34. Thread Safety of DPDK Functions
The DPDK is comprised of several libraries. Some of the functions in these libraries can be safely called from multiple threads simultaneously, while others cannot. This section allows the developer to take these issues into account when building their own application.
The run-time environment of the DPDK is typically a single thread per logical core. In some cases, it is not only multi-threaded, but multi-process. Typically, it is best to avoid sharing data structures between threads and/or processes where possible. Where this is not possible, then the execution blocks must access the data in a thread- safe manner. Mechanisms such as atomics or locking can be used that will allow execution blocks to operate serially. However, this can have an effect on the performance of the application.
34.1. Fast-Path APIs
Applications operating in the data plane are performance sensitive but certain functions within those libraries may not be safe to call from multiple threads simultaneously. The hash, LPM and mempool libraries and RX/TX in the PMD are examples of this.
The hash and LPM libraries are, by design, thread unsafe in order to maintain performance. However, if required the developer can add layers on top of these libraries to provide thread safety. Locking is not needed in all situations, and in both the hash and LPM libraries, lookups of values can be performed in parallel in multiple threads. Adding, removing or modifying values, however, cannot be done in multiple threads without using locking when a single hash or LPM table is accessed. Another alternative to locking would be to create multiple instances of these tables allowing each thread its own copy.
The RX and TX of the PMD are the most critical aspects of a DPDK application and it is recommended that no locking be used as it will impact performance. Note, however, that these functions can safely be used from multiple threads when each thread is performing I/O on a different NIC queue. If multiple threads are to use the same hardware queue on the same NIC port, then locking, or some other form of mutual exclusion, is necessary.
The ring library is based on a lockless ring-buffer algorithm that maintains its original design for thread safety. Moreover, it provides high performance for either multi- or single-consumer/producer enqueue/dequeue operations. The mempool library is based on the DPDK lockless ring library and therefore is also multi-thread safe.
34.2. Performance Insensitive API
Outside of the performance sensitive areas described in Section 25.1, the DPDK provides a thread-safe API for most other libraries. For example, malloc and memzone functions are safe for use in multi-threaded and multi-process environments.
The setup and configuration of the PMD is not performance sensitive, but is not thread safe either. It is possible that the multiple read/writes during PMD setup and configuration could be corrupted in a multi-thread environment. Since this is not performance sensitive, the developer can choose to add their own layer to provide thread-safe setup and configuration. It is expected that, in most applications, the initial configuration of the network ports would be done by a single thread at startup.

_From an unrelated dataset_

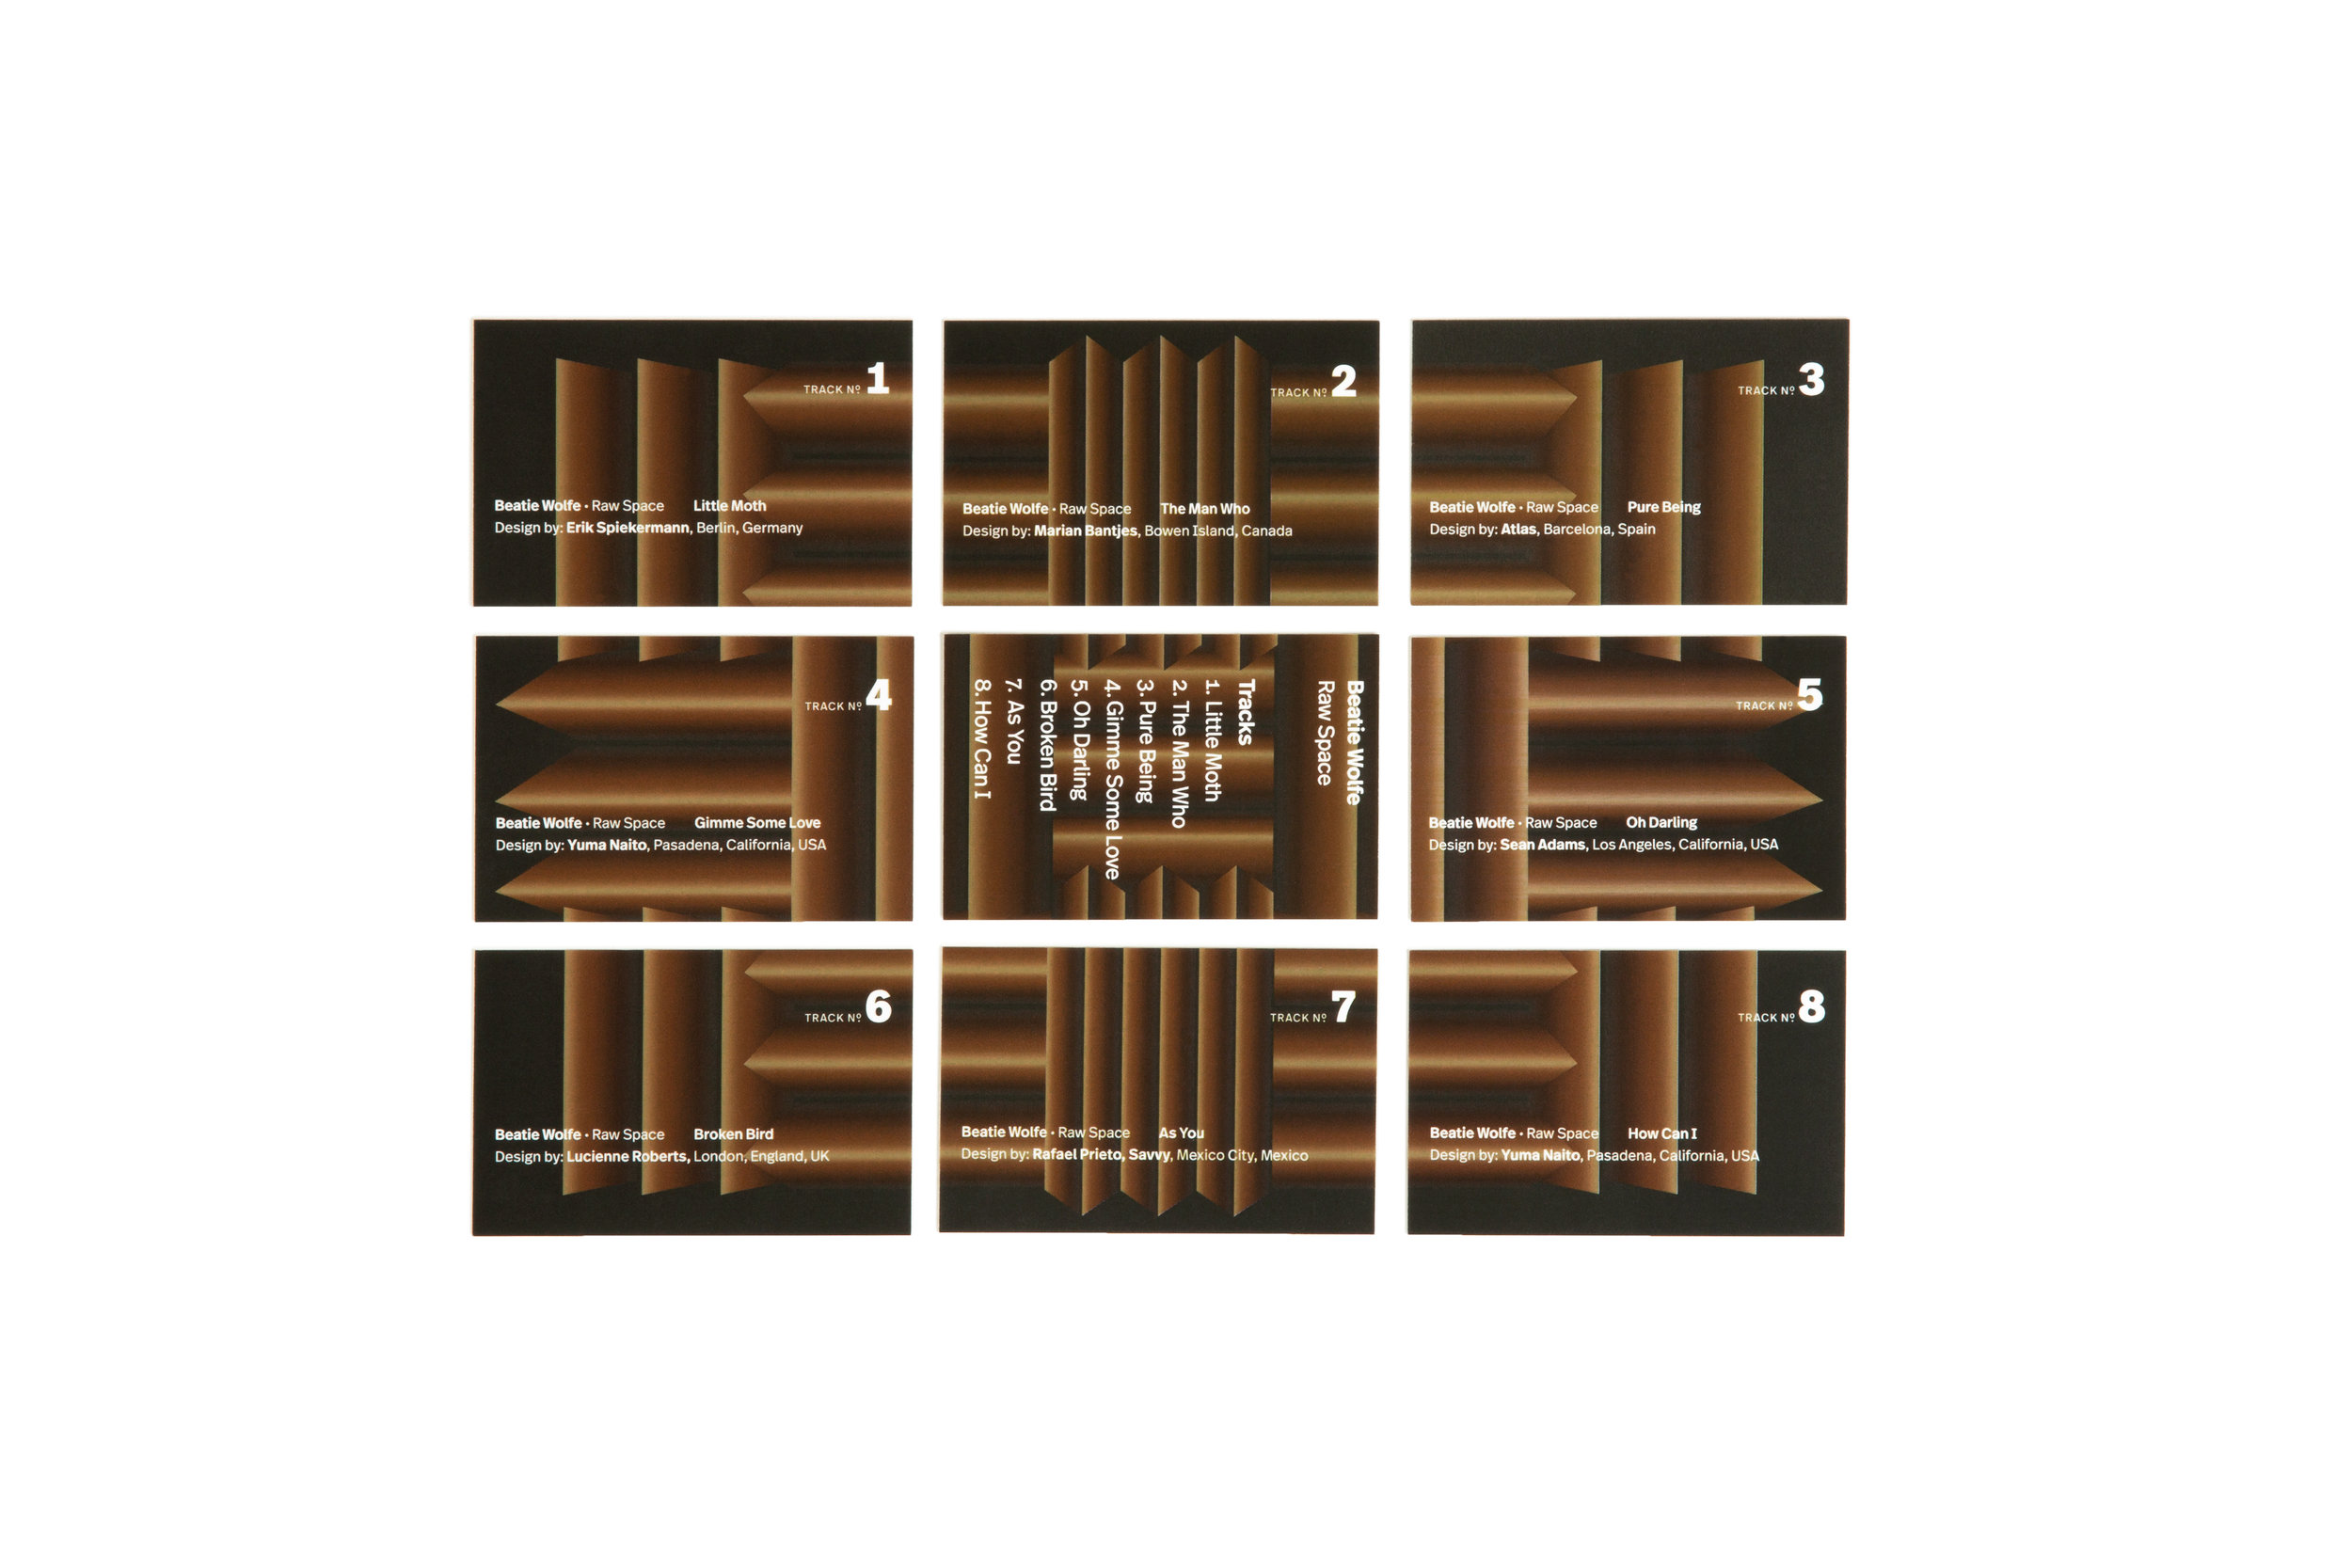 0.Beatie Wolfe's Raw Space Album Deck of cards - reverse.jpg

34.3. Library Initialization
It is recommended that DPDK libraries are initialized in the main thread at application startup rather than subsequently in the forwarding threads. However, the DPDK performs checks to ensure that libraries are only initialized once. If initialization is attempted more than once, an error is returned.
In the multi-process case, the configuration information of shared memory will only be initialized by the primary process. Thereafter, both primary and secondary processes can allocate/release any objects of memory that finally rely on rte_malloc or memzones.
34.4. Interrupt Thread
The DPDK works almost entirely in Linux user space in polling mode. For certain infrequent operations, such as receiving a PMD link status change notification, callbacks may be called in an additional thread outside the main DPDK processing threads. These function callbacks should avoid manipulating DPDK objects that are also managed by the normal DPDK threads, and if they need to do so, it is up to the application to provide the appropriate locking or mutual exclusion restrictions around those objects.